The film's soundtrack album and background score are composed by Vivek Sagar.

Track list
| No. | Title | Lyrics | Singer(s) | Length |
|---|---|---|---|---|
| 1. | "Singaro Singa" | Niklesh Sunkoji | Baba Sehgal, Vaikom Vijayalakshmi | 3:20 |
| 2. | "Guvva Gootilo" | Bhuvana Chandra | Mano, Geetha Madhuri, Snigdha Sharma | 4:19 |
| 3. | "Englandu Rani" | Swaroop Goli | Kailash Kher | 4:02 |
| 4. | "Neelo Naalo" | Bhuvana Chandra | Rajesh Krishnan, Anjana Sowmya (additional vocals by Shrutika Samudrala) | 4:35 |
| 5. | "Sandamaama" | Ramajogayya Sastry | Rhithwik S. Chand | 4:54 |
| 6. | "Thandava Roopam" | Jonnavittula Ramalingeswara Rao | Kalpana Raghavendar | 4:00 |

==Release==
Swag was released on 4 October 2024. Post-theatrical digital streaming rights were acquired by Amazon Prime Video and premiered on 25 October 2024.

==Reception==
Sangeetha Devi Dundoo of The Hindu gave a positive review with particular praise to Hasith Goli, and the performances of Sree Vishnu, Ritu Varma and Meera Jasmine.
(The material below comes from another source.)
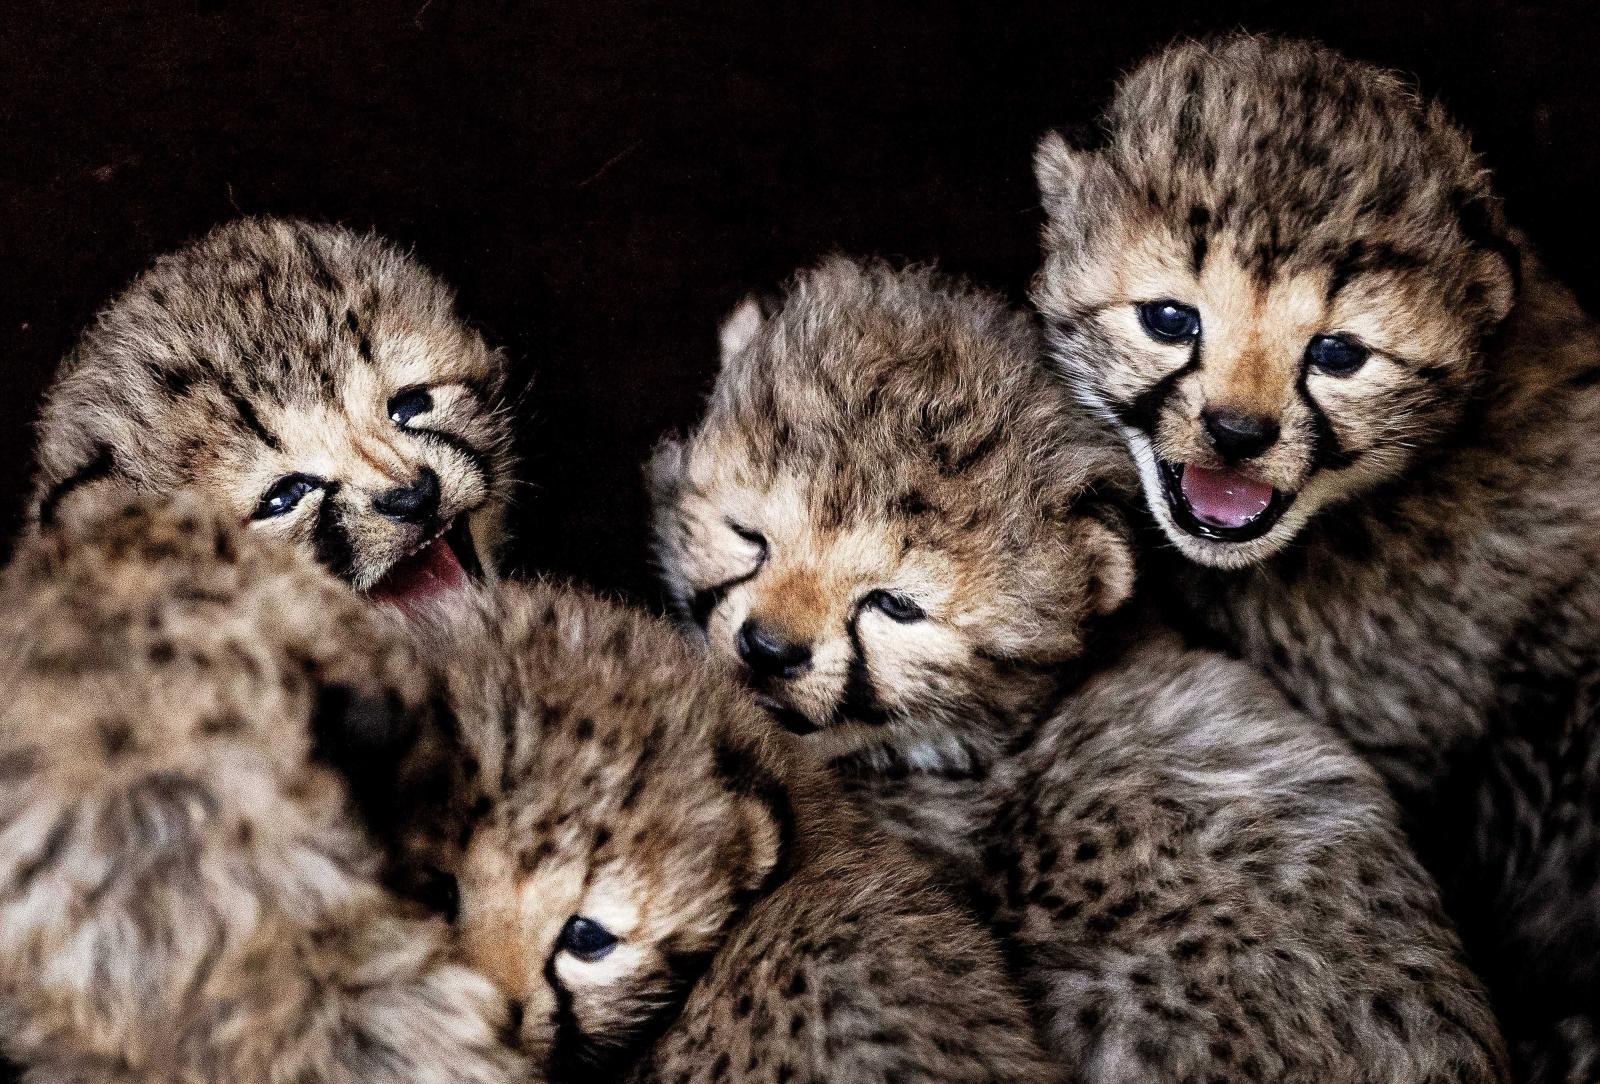 Pięć małych gepardów urodzonych 1 lutego w Parku Safari w Hilvarenbeek, Holandia.

She further wrote that, "There are times when the multiple timelines and characters can feel tiresome. But ultimately, it finds its rhythm and can leave you with a smile". Eenadu opined that the confused story and screenplay are the major negatives, while the performances of Sree Vishnu, Meera Jasmine and Ritu Varma is the major positive of the film.